Since these other recipient objects (contacts, groups, etc) are not tied to a particular server version in the way a mailbox is, these objects can be managed successfully from either side. Because Exchange 2007 tools have knowledge of the full set of Exchange 2007 properties and validation rules, it is recommended to consistently use the Exchange 2007 tools for this recipient management for best results.

The one exception to this rule is Dynamic Distribution Lists (DDL or sometimes called Dynamic Distribution Group, so DDG). Since DDLs created with Exchange 2007 tools store their RecipientFilter in an OPATH format and those created with Exchange 2003 tools store the filter as LDAP, it makes these edits incompatible. Be sure that after you've set a DDL filter through Exchange 2007 you only edit this DDL through Exchange 2007 tools from that point forward.

Global Objects (Address lists, EmailAddressPolicy, etc)

There are also a number of global configuration objects shared between Exchange 2003 and Exchange 2007 when running in a co-existence state. Examples of these objects are: Address Lists, Email Address Policies, Offline Address Book, etc.

These global objects generally follow the pattern that if they are created in Exchange 2003, they can be fully edited only in Exchange 2003 until they are upgraded to Exchange 2007 version. Once upgraded to Exchange 2007 format (and for objects created in Exchange 2007), they can no longer be edited by Exchange 2003 (and Exchange 2003 system manager will actively block you making edits after the object is upgraded).

Also, as mentioned in the "Goodbye RUS" post, you should not configure an Exchange 2007 server to serve as the "Exchange Server" for a Recipient Update Service. Doing so will cause that RUS to cease to function.

Other Miscellaneous Objects

In Exchange 2003 system manager there are a number of other objects that are visible. For instance, the Exchange 2007 administrative and routing groups (and their embedded GUID) are visible to Exchange 2003 while the entire AG/RG concept is hidden in Exchange 2007.

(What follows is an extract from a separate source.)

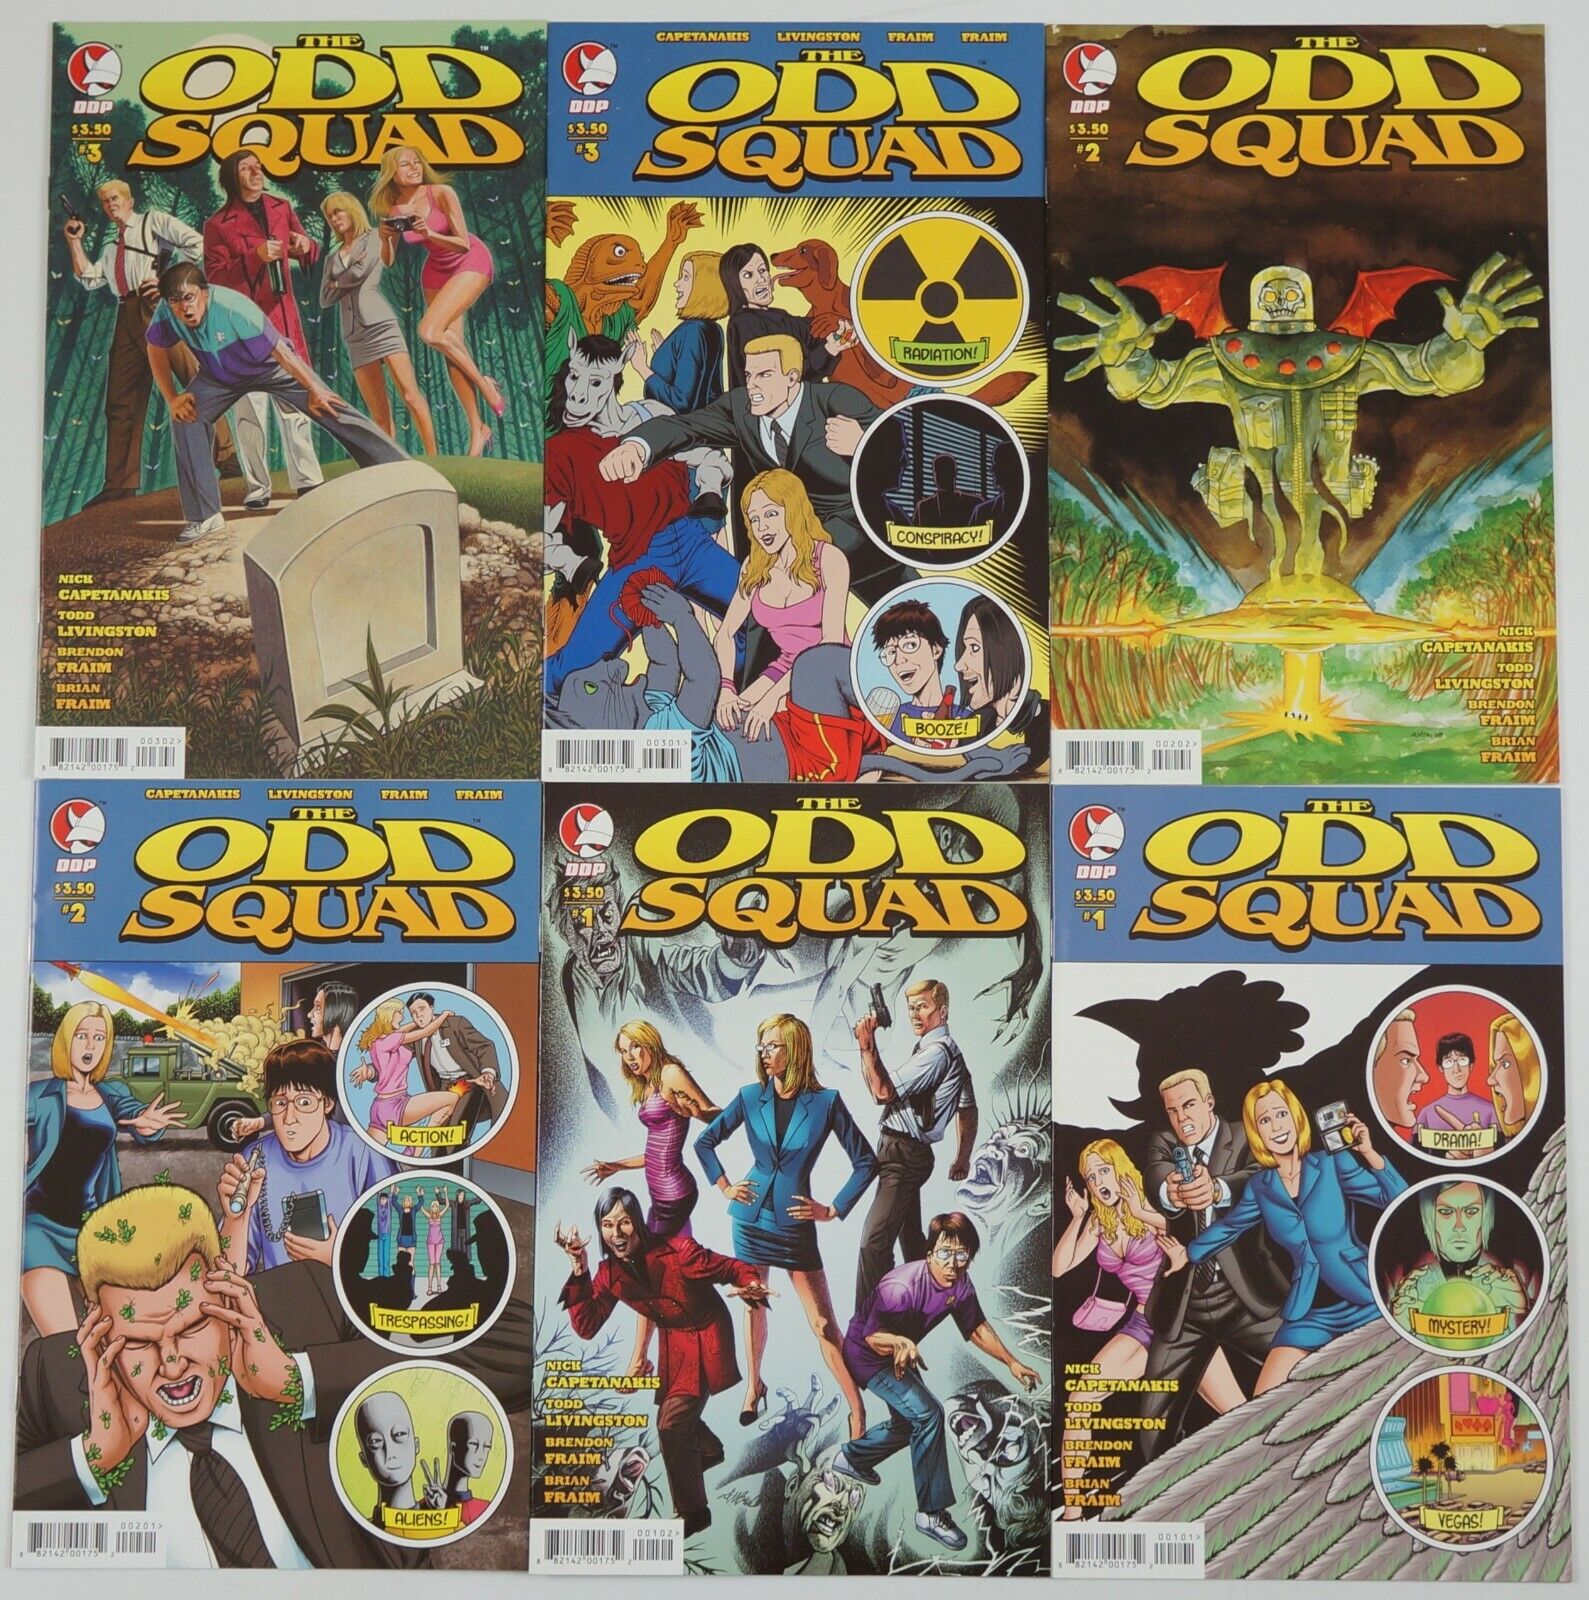 Odd Squad #1-3 VF/NM complete series + all (3) variants - Michael Avon Oeming

Similarly, the Exchange 2007 server object (and storage groups, databases, protocols, etc) are also visible in Exchange 2003. Where possible, these Exchange 2007 objects are "blocked" from editing through the Exchange 2003 tools. In all cases, you should not use the Exchange 2003 tools to manage Exchange 2007 servers or Exchange 2007 versioned objects.

Some items in the Exchange 2003 are not hidden or blocked, but are simply non-functional. Deprecated items like monitoring administration and Exchange 2003 queue viewer remain visible and will produce an error connecting to the interface if you attempt to access them.

Finally, some items in the Exchange 2003 ESM will remain the appropriate GUI way to manage certain objects until replacement GUI is established in Exchange 2007. Two such items that fit this mold are the Public Folder GUI (which will remain functional and supported, so long as an Exchange 2003 server is the targeted public folder store) and the Address/Details template customization GUI. In both of these cases, the Exchange 2003 GUI is anticipated to be replaced by updated Exchange 2007 GUI at some point in the future.

Exchange 2000 and object blocking

Exchange 2003 ESM automatically includes support for "blocking" edits against Exchange 2007 objects, as described above. Exchange 2000, however, requires a post-SP3 hotfix to provide this same behavior. Although Exchange 2000 SP3 is the prereq'd version required by Exchange 2007 setup, you must make sure that all Exchange 2000 servers and Exchange 2000 admin-tools-only consoles are updated with both Exchange 2000 SP3 and the 6603+ roll-up hotfix – KB.870540 (also known as the August 2004 roll-up hotfix). Note that if this hotfix is not present on an Exchange 2000 admin console used to manage your Exchange 2007 objects, it is possible that Exchange 2007 objects can be modified incorrectly from this legacy console.